Data records:
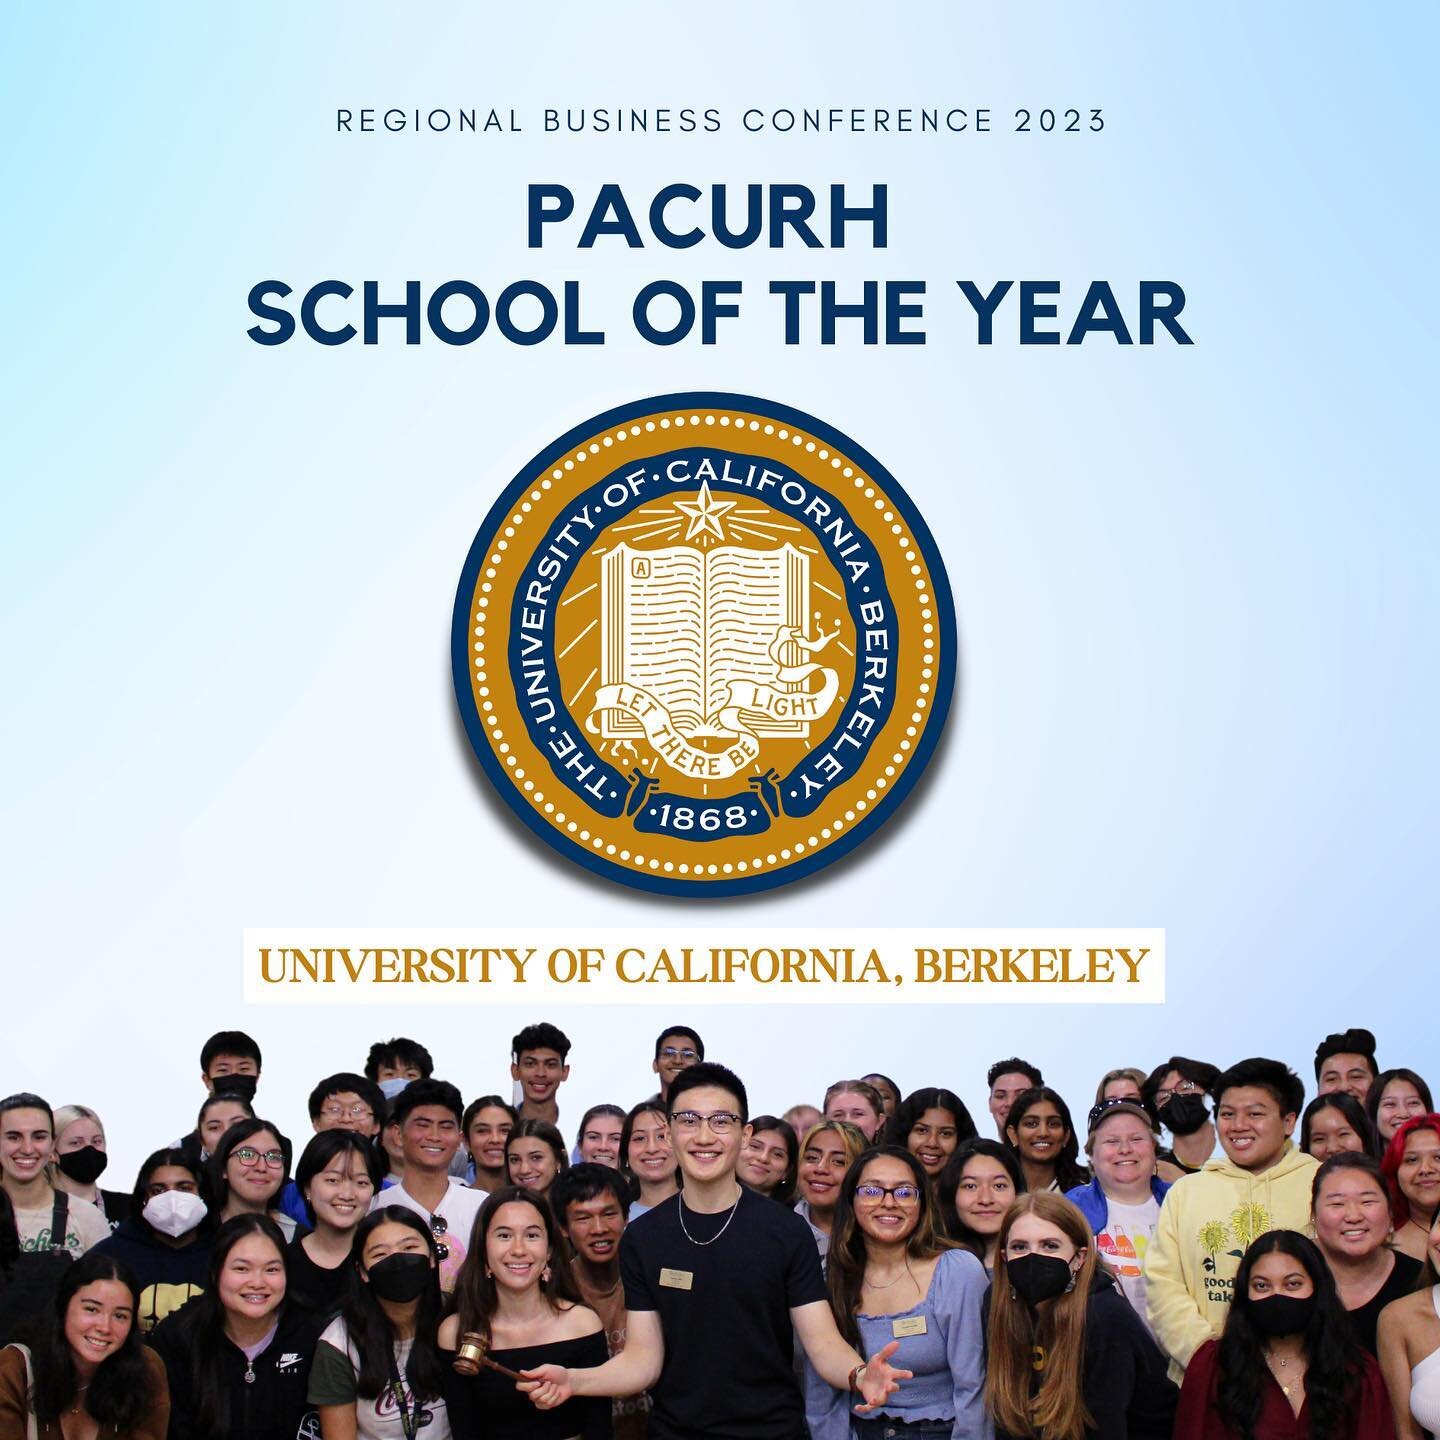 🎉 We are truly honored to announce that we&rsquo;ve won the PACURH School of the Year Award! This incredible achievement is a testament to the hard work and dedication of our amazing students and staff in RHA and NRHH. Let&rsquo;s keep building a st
* * *
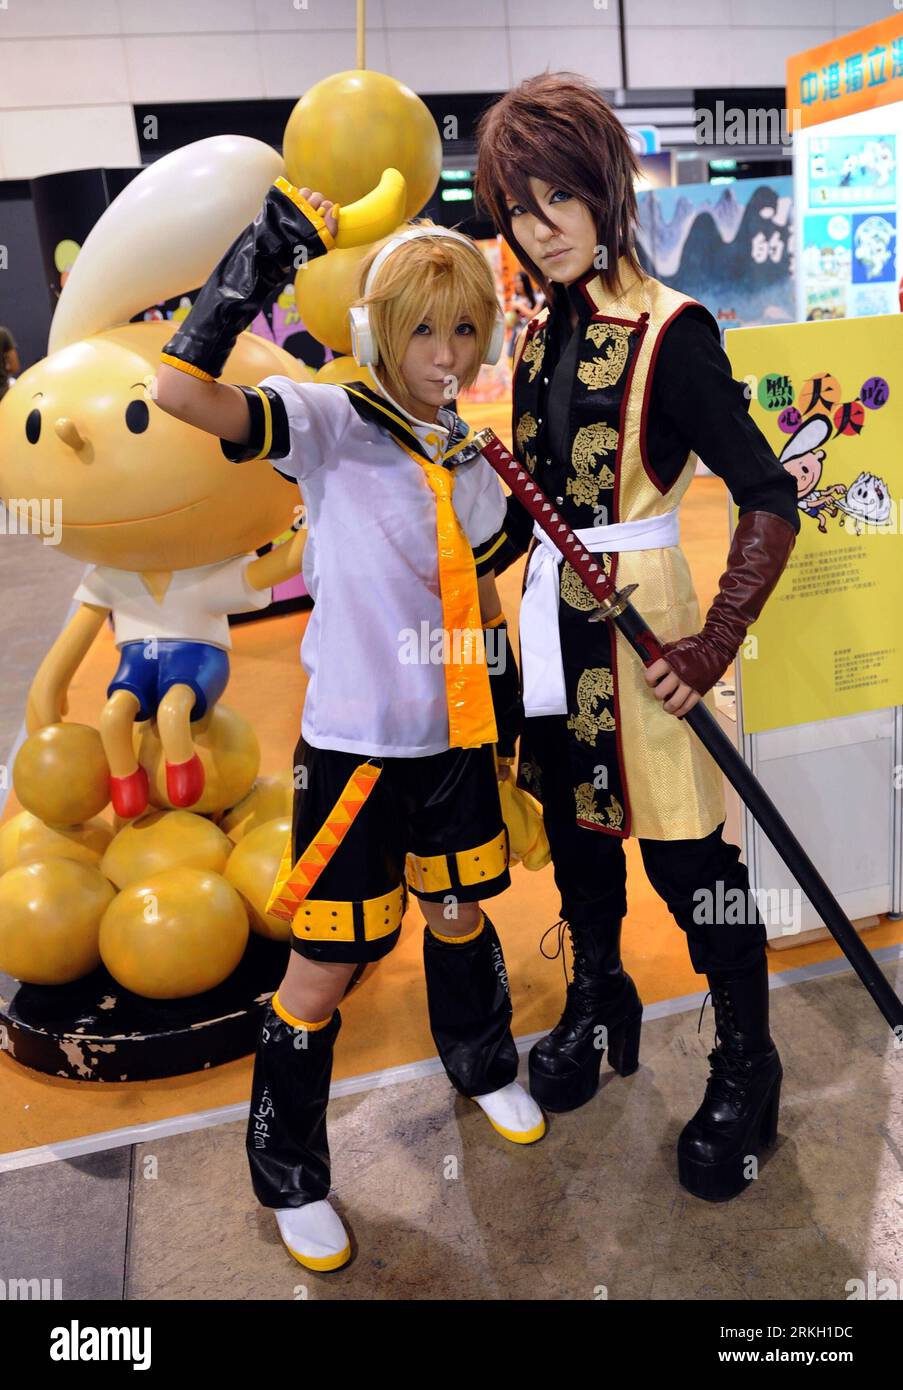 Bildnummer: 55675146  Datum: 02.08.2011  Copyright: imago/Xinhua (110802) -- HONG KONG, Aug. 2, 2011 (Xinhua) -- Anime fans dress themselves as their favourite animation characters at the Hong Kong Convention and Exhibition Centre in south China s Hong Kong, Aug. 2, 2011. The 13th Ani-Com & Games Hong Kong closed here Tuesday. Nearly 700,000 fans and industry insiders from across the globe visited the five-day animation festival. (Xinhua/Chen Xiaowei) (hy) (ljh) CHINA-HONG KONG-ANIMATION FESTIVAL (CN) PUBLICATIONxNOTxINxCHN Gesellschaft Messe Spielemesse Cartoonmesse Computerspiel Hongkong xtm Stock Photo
---
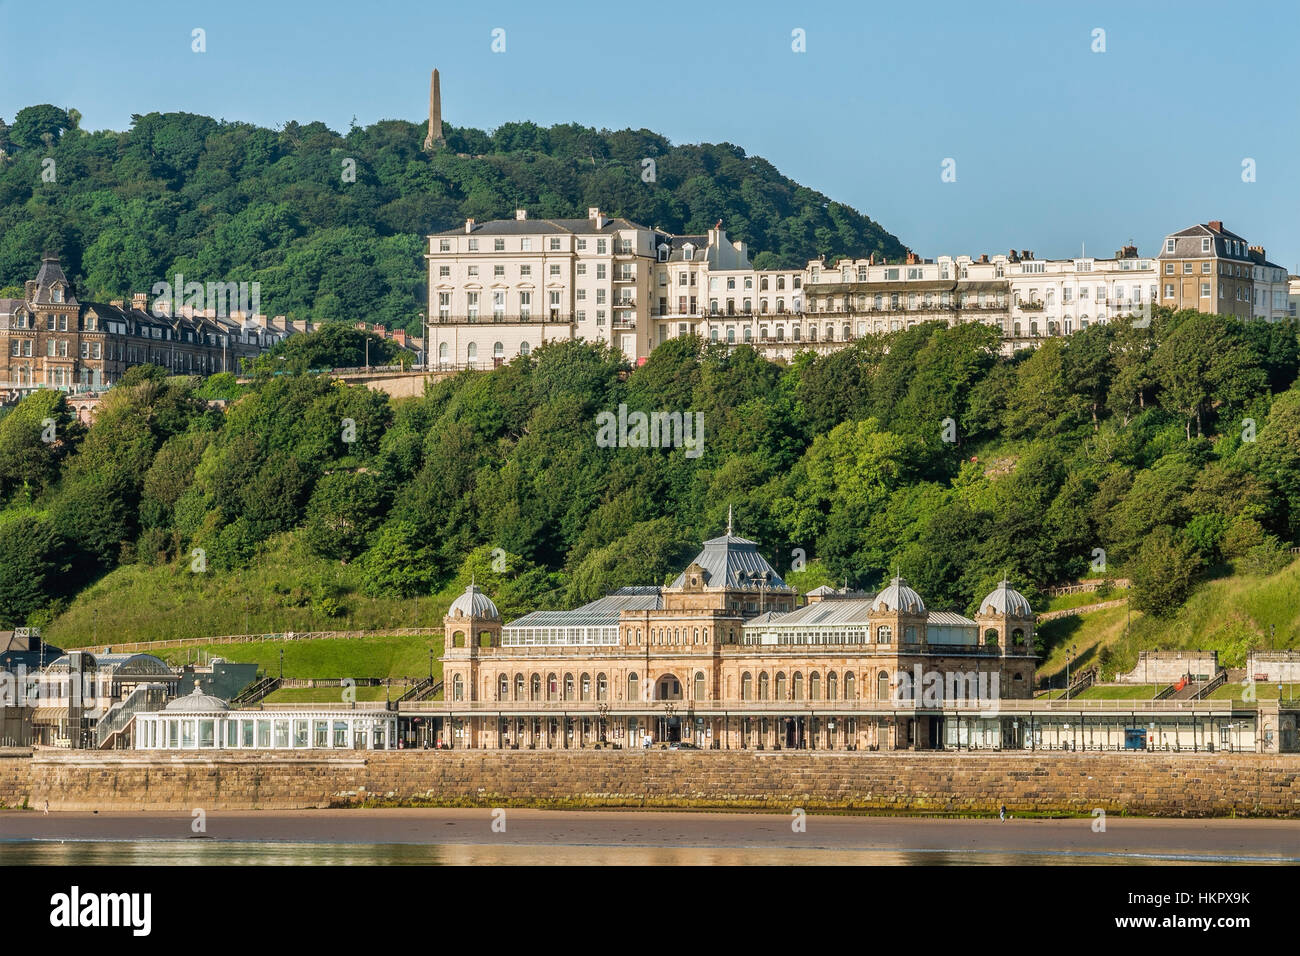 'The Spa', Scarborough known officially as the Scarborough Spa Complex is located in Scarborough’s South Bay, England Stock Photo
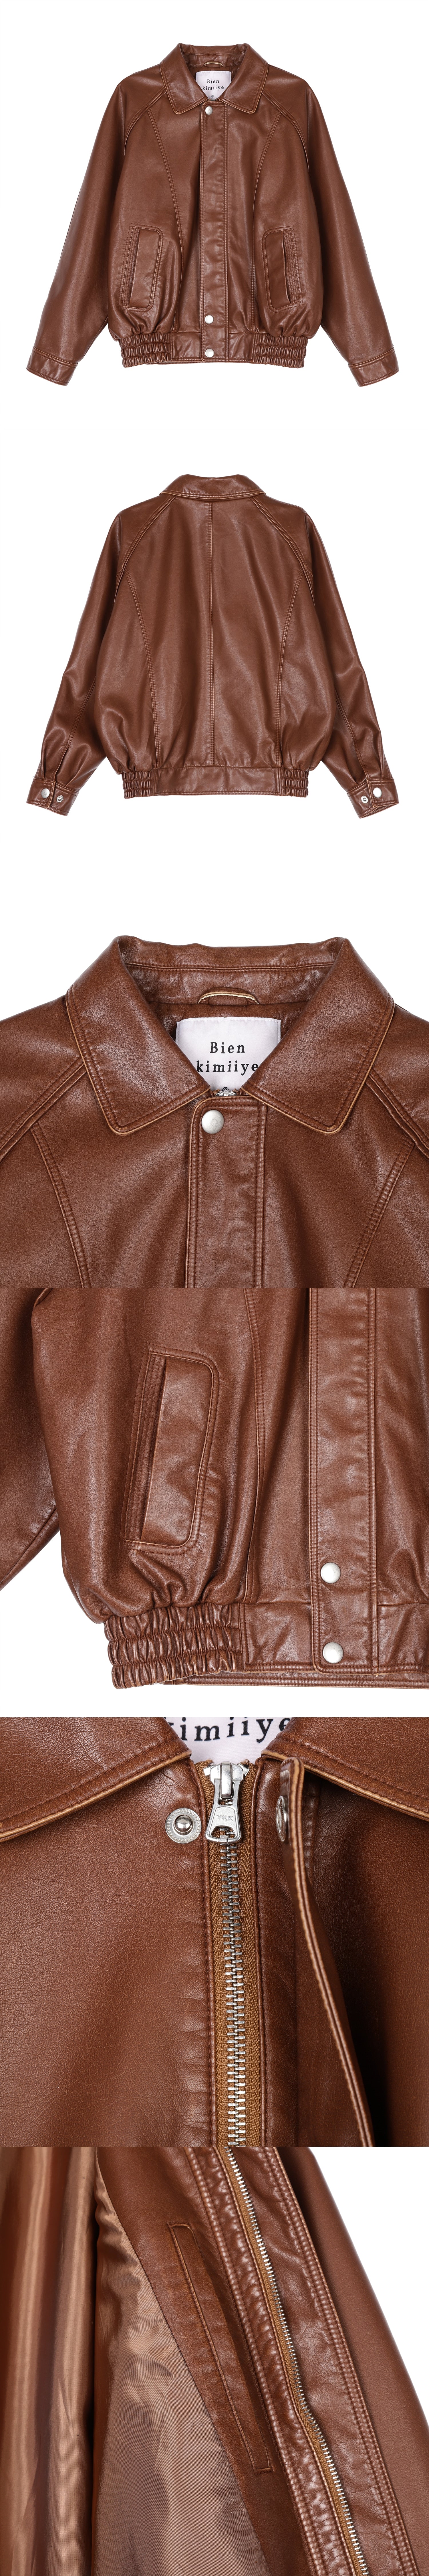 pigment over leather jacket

Exercise brief: Set down word for word the lines above from the one with "England Stock Photo" up to and including the one with "pigment over leather jacket". Omit every picture.

Output below:
 'The Spa', Scarborough known officially as the Scarborough Spa Complex is located in Scarborough’s South Bay, England Stock Photo
 pigment over leather jacket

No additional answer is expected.